# Numerical stability and ODEs

### General solution

Let’s assume we are trying to solve the following differential equation:

$\displaystyle U\frac{dC}{dx} = D\frac{d^2 C}{dx^2} - K \cdot C$.

As it’s a simple, linear ODE, it can be solved by using as ansatz

$\displaystyle C(x) = e^{\lambda\,x}$.

If we replace $C(x)$ by it, we get

$\displaystyle U\,\lambda\,e^{\lambda\,x} = D\,\lambda^2\,e^{\lambda\,x} - K\,e^{\lambda x}$.
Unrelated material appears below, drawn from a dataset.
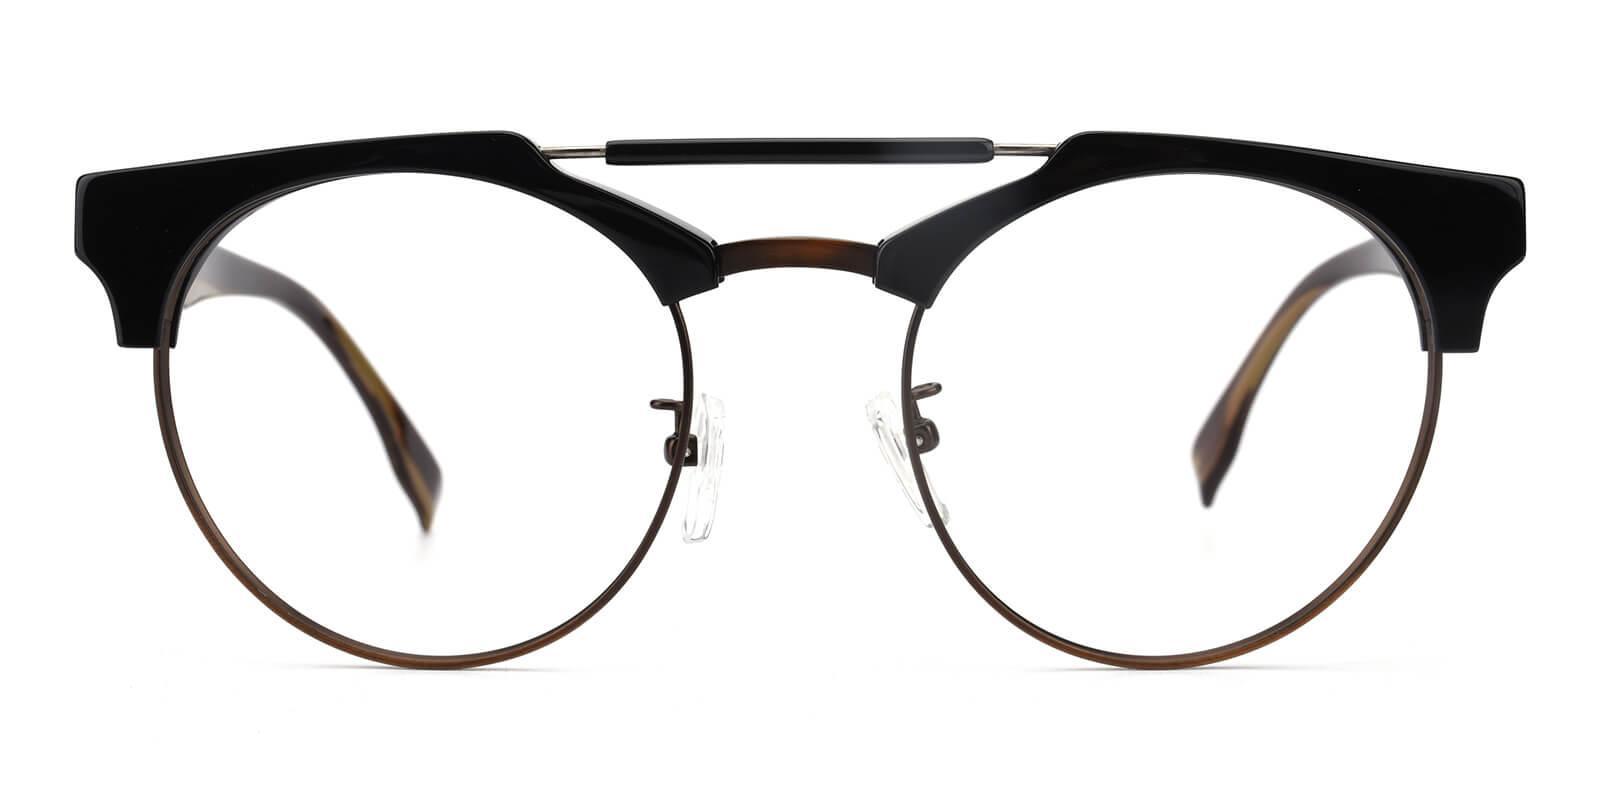 Ombama-Brown-Browline-Combination-Eyeglasses-additional2
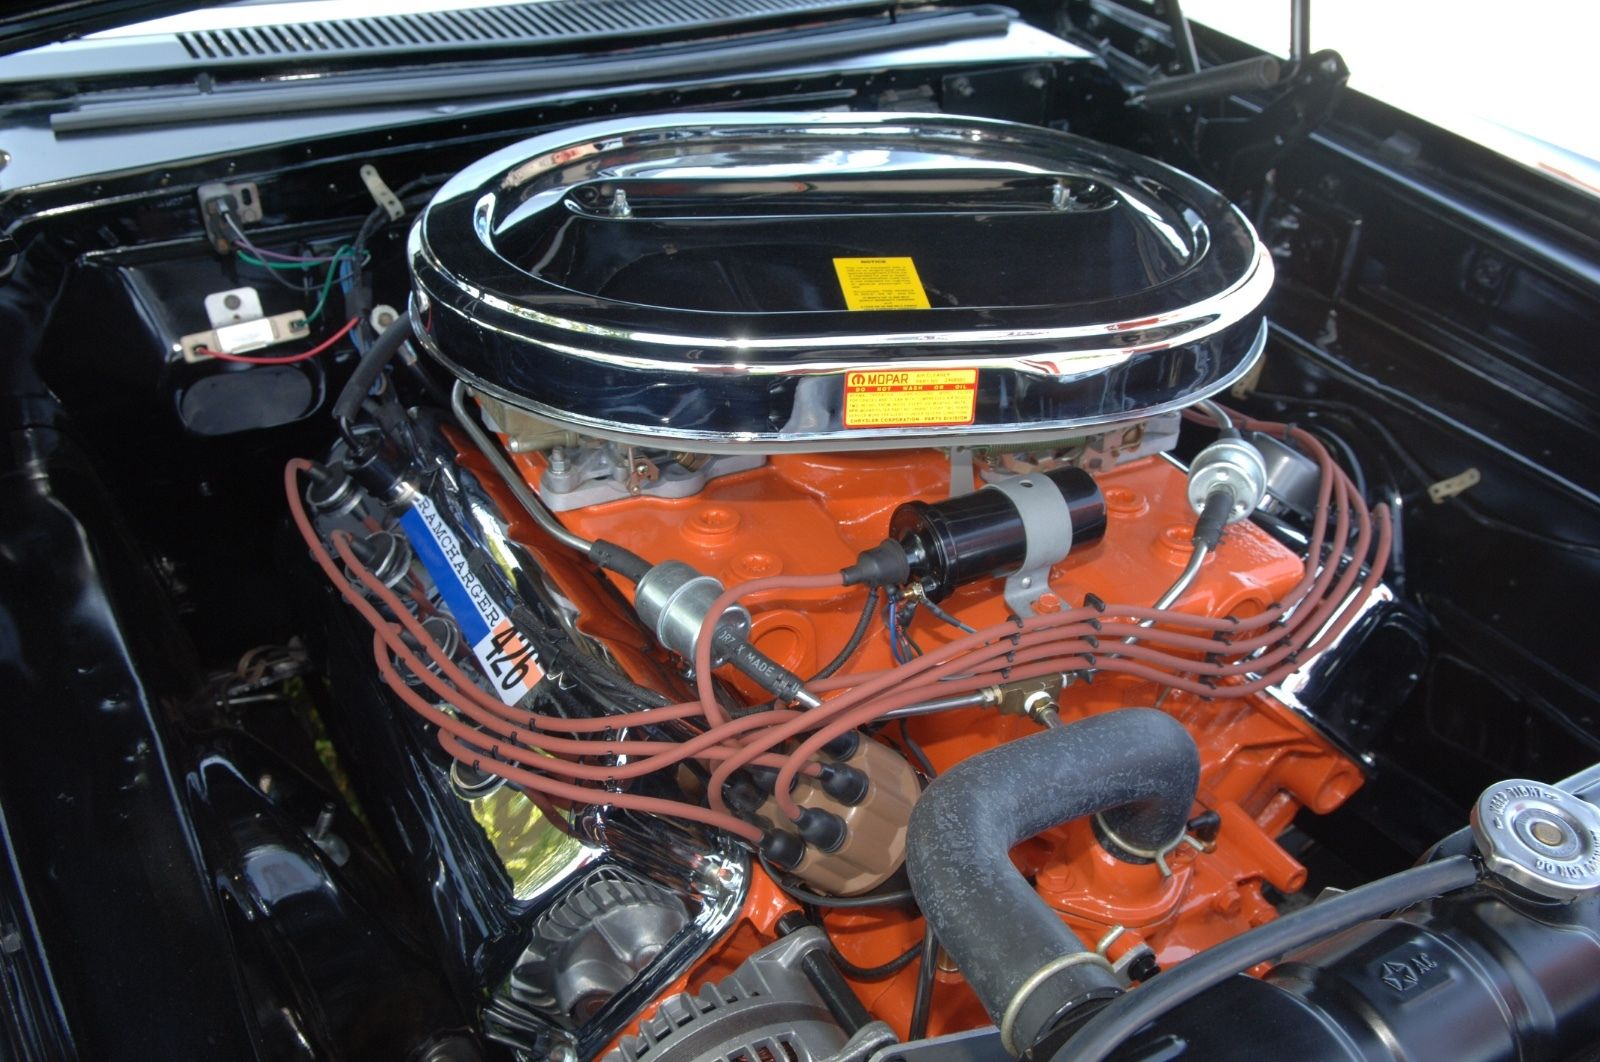 1965 426 Race Hemi Wo51 A990 Dodge Coronet Factory Light

As $e^{\lambda\,x}$ is nonzero, lambda must be a root of the characteristic polynomial,

$D\,\lambda^2 - U\,\lambda - K = 0$.

$\displaystyle \lambda = \frac{U \pm \sqrt{U^2 + 4\,D\,K}}{2D}$.

If we call the two values of $\lambda_1$ and $\lambda_2$, assuming they are different, the general solution will be a linear combination:

$\displaystyle C(x) = A_1\,e^{\lambda_1\,x} + A_2\,e^{\lambda_2\,x}$.

### Specific example

If we take the following specific values for the parameters,

$\displaystyle U = 36\,{\rm km \cdot h^{-1}}$

$\displaystyle D = 0.14$ (assuming appropriate units)

$\displaystyle K = 10$ (assuming appropriate units),

we get the following values for $\lambda$:

$\displaystyle \lambda = \frac{36 \pm \sqrt{36^2 + 4 \cdot 0.14 \cdot 10 }}{2 \cdot 0.14}$

$\displaystyle = \frac{36 \pm \sqrt{1300}}{0.28}$.

$\displaystyle \lambda_1 = 257.34$

$\displaystyle \lambda_2 = -0.19825$

Now we have to use the given boundary conditions:

$\displaystyle C(0) = 1000000$

$\displaystyle C'(0) = -1000$

By replacing:

$\displaystyle A_1 + A_2 = 1000000$

$\displaystyle \lambda_1 A_1 + \lambda_2 A_2 = -1000$

Substituting:

$\displaystyle \lambda_1 A_1 + \lambda_2 (1000000 - A_1) = -1000$

$\displaystyle (\lambda_1 - \lambda_2) A_1 + 1000000 \lambda_2 = -1000$

$\displaystyle A_1 = \frac{-1000 - 1000000 \lambda_2}{\lambda_1 - \lambda_2}$

$\displaystyle A_1 = \frac{-1000 - 1000000 (-0.19825)}{257.34 + 0.19825}$

$\displaystyle A_1 = 765.9$

$\displaystyle A_2 = 999234$

Then the full solution will be:

$\displaystyle C(x) = 765.9\,e^{257.34\,x} + 999234\,e^{-0.19825\,x}$.

This solution will quickly diverge for values of $x$ not much smaller than one.

Even if the initial conditions were finely tuned for getting $A_1 = 0$, any small numerical error would give a quickly diverging solution.